Reporting Mona Rivera
MINEOLA, NY (CBSNewYork) – The Nassau Legislature approved a voter referendum Tuesday to build a new Nassau Veterans Memorial Coliseum.
The voter referendum bill for the Coliseum bond issue passed by a vote of 11-7 and was quickly signed into law by County Executive Edward Mangano, reports CBS 2′s Jennifer McLogan.
“This bill is not just for the Islanders, it’s for Long Islanders,” Mangano said.
The bill authorizes an Aug. 1 vote, allowing residents to decide whether to borrow $400 million for a new hockey arena. Approval would clear the way for the NHL’s Islanders to remain on Long Island until at least 2045.
1010 WINS’ Mona Rivera reports: Nassau Legislature Approves Coliseum Bond Issue
Before the vote Tuesday, jobless Long Islanders rallied along Hempstead Turnpike, not far from the Coliseum they are desperate to have a part of rebuilding. Contractors expect the project could create 1,000 new jobs.
The 77-acre plot would also be home to a new minor league ball field and entertainment hub and keep Islanders owner Charles Wang from potentially moving Long Island’s only professional sports team.
“I believe this day will go down in history as a first step and hopefully this is the catalyst that will get us going again,” Wang said.
WCBS 880′s Sophia Hall: The Project Would Cost The Average County Homeowner An Additional $50 A Year
Finance committee member, Democrat Wayne Wink, said he is not against letting voters weigh-in but said “it’s the cost, it’s the matter and it’s the timing” that is questionable.
“The devil is in the details and the devil has not knocked on the door yet,” said Wink.
Some Nassau County residents are skeptical about the plan to borrow $400 million from taxpayers.
“From the taxpayers?
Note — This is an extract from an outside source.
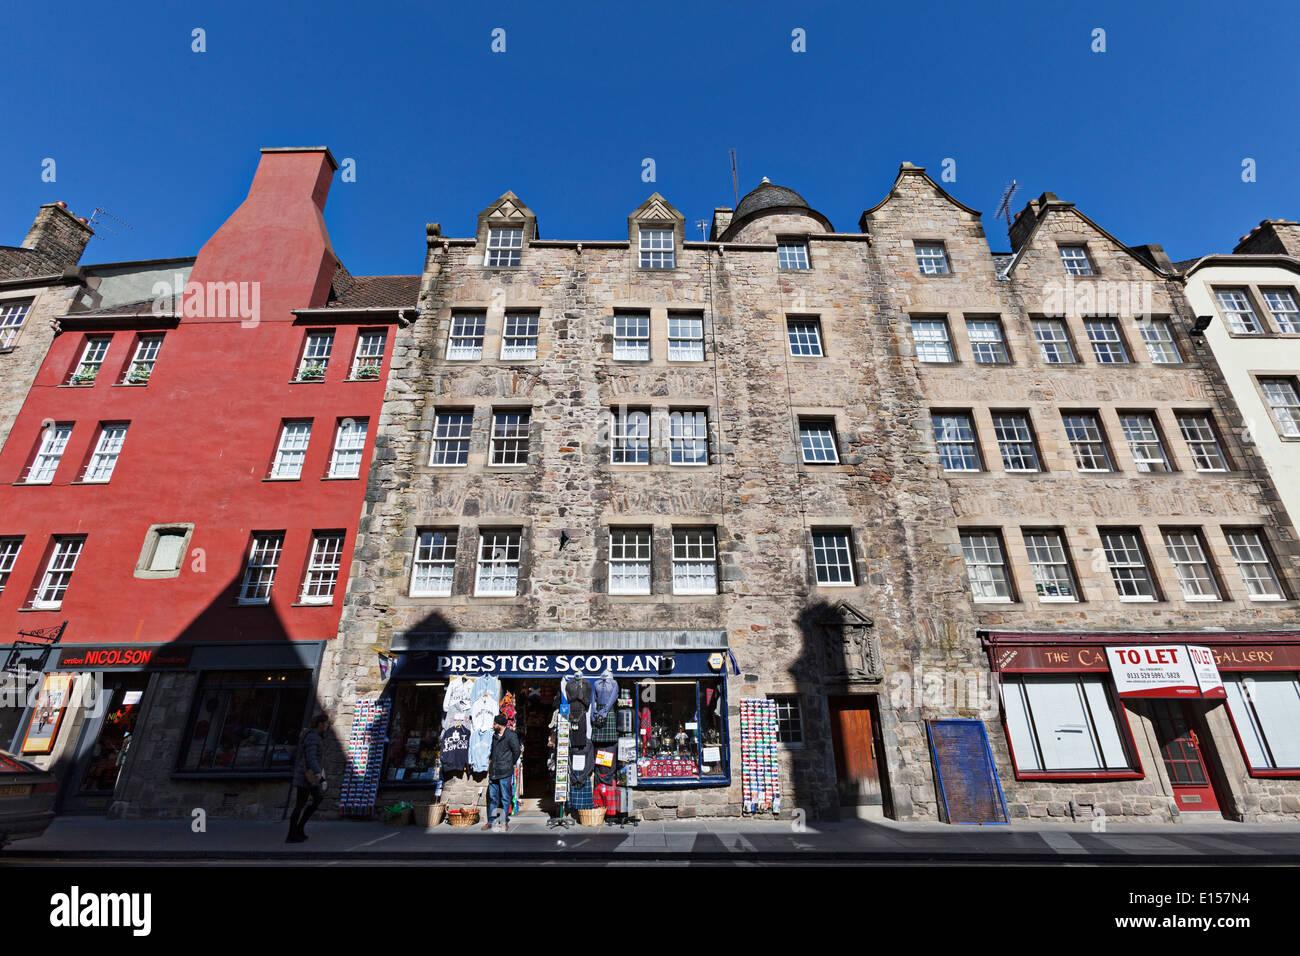 Architettura tradizionale e un souvenir scozzese regali sul Royal Mile di Edimburgo Immagini Stock

No, I think we’ve been pushed to the limit,” said Kathy Gianpapa.
“To go out and borrow $400 million now I think is very unwise,” said Rase Denny.
Mangano said replacing the nearly 40-year-old arena will help reinvigorate the local economy.
Even if voters approve the Coliseum bond issue it still faces numerous hurdles and the vote is non-binding.
The special referendum in August could cost $2 million. The Islanders’ owner said he’ll pay for the election if voters approve the plan.